■ Exercise instructions
Output, exactly as written, the lines below starting at the line containing "Priyagold Butter Bite Biscuits - 750 gm" and ending at the line containing "Melo 2003 Champ White Tee - Roots of Fight". Drop the pictures and keep both end lines.

■ Material for the task
+-------+

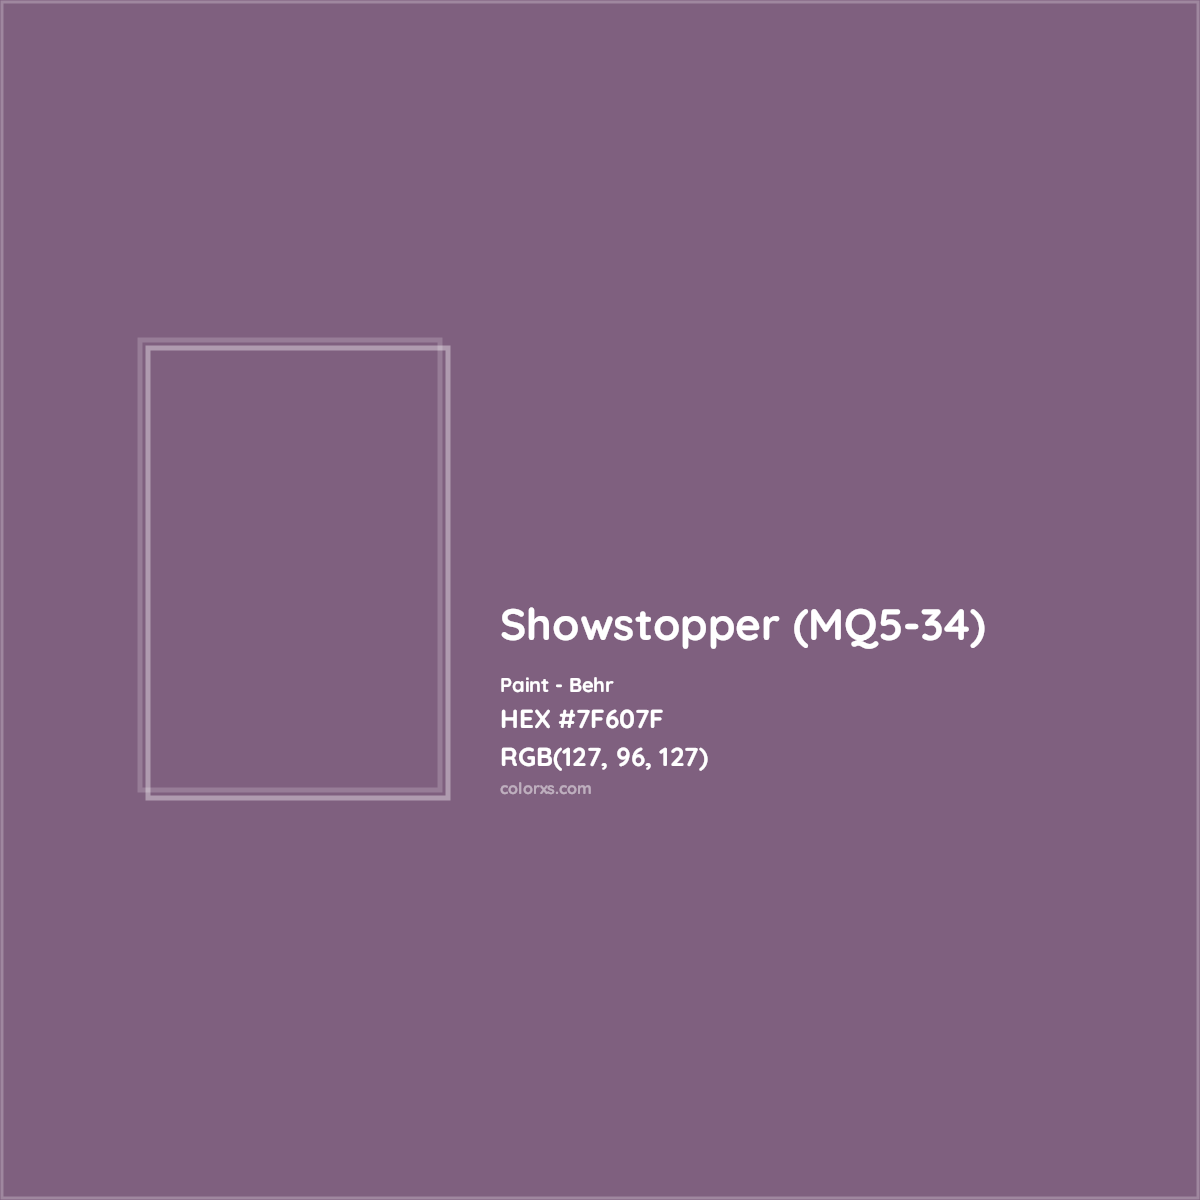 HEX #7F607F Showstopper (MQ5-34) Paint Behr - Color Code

+-------+

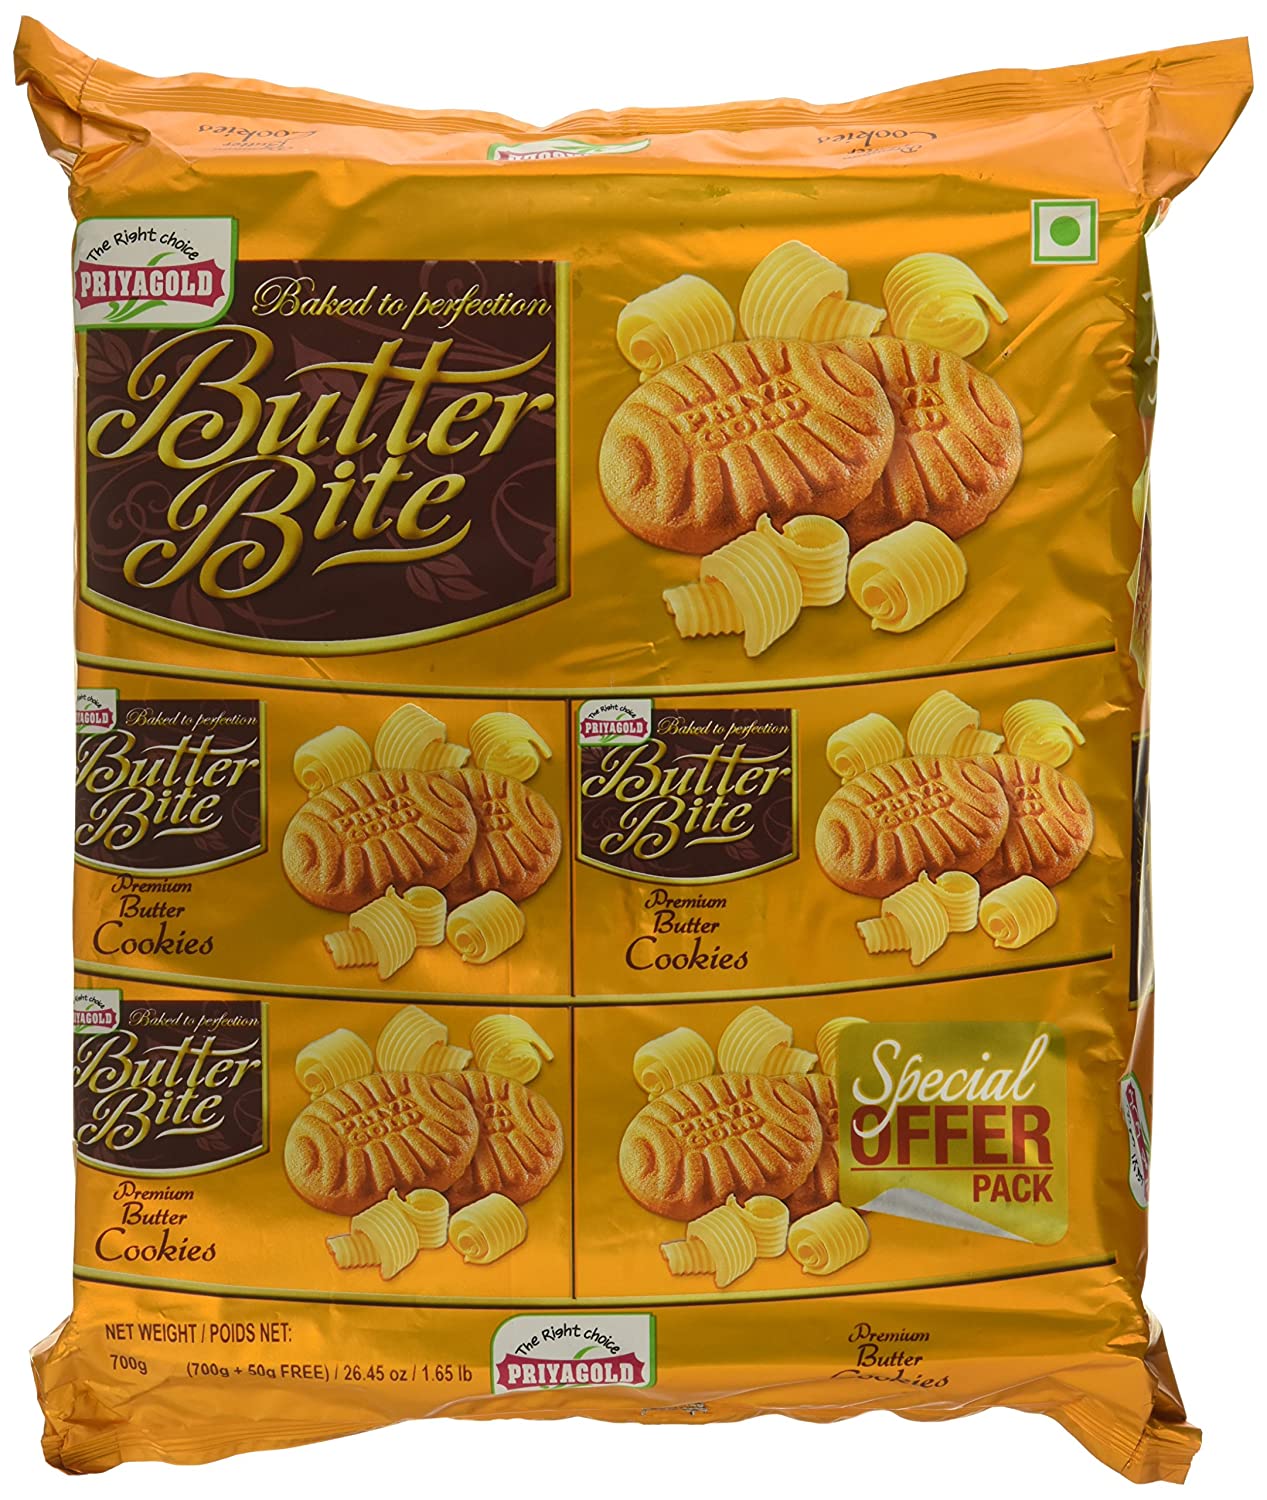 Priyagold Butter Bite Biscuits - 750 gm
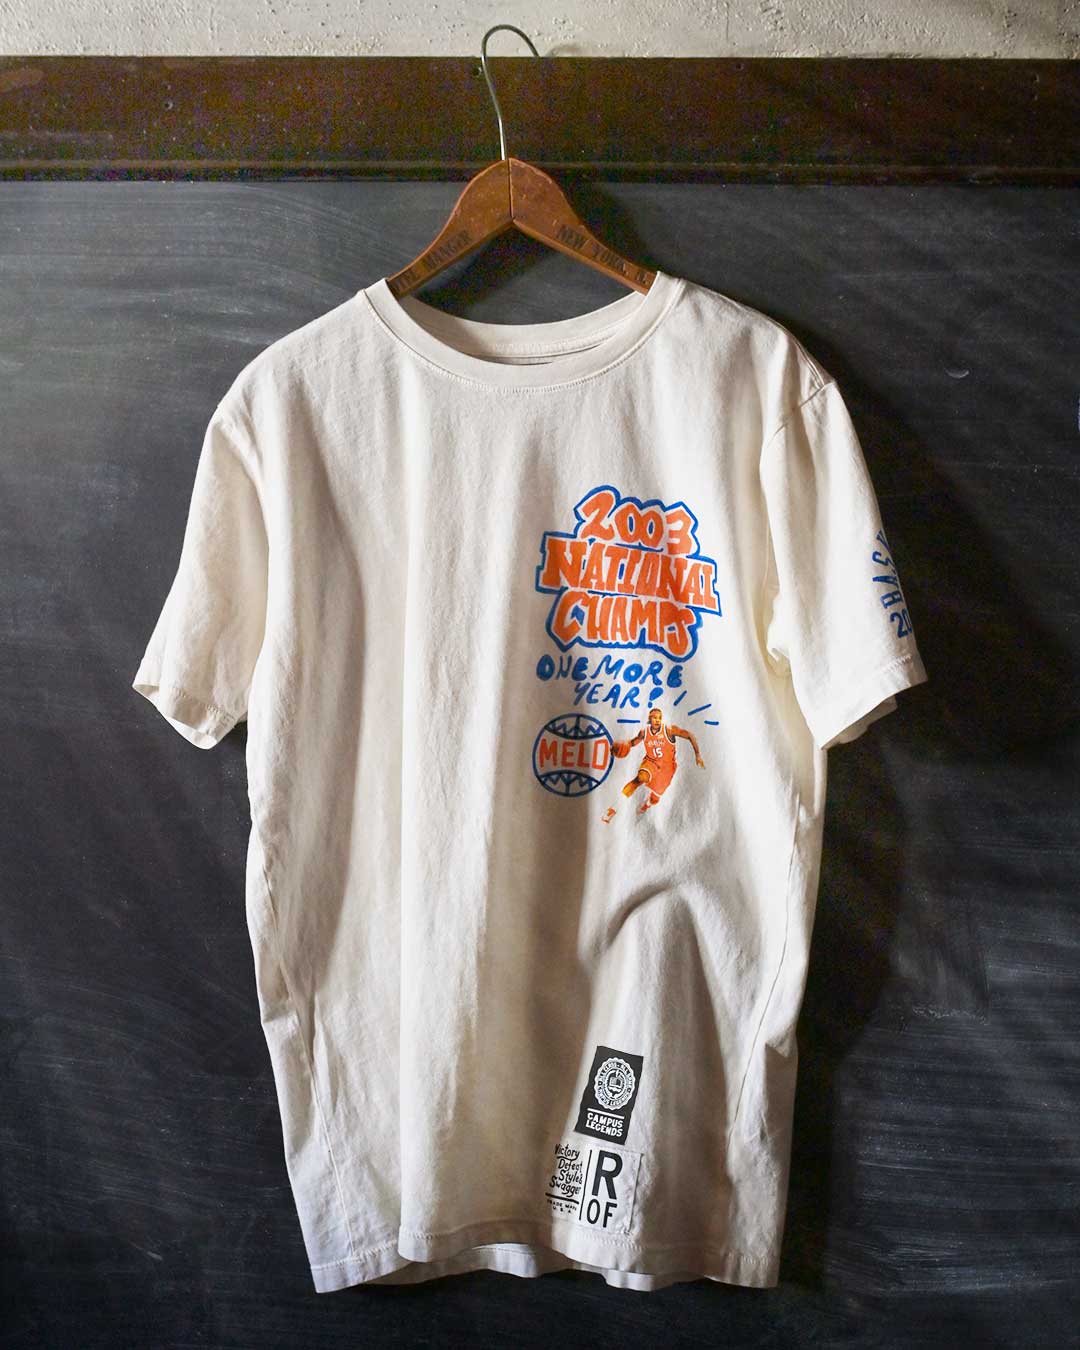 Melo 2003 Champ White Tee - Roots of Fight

+-------+

■ Task output
 Priyagold Butter Bite Biscuits - 750 gm
 Melo 2003 Champ White Tee - Roots of Fight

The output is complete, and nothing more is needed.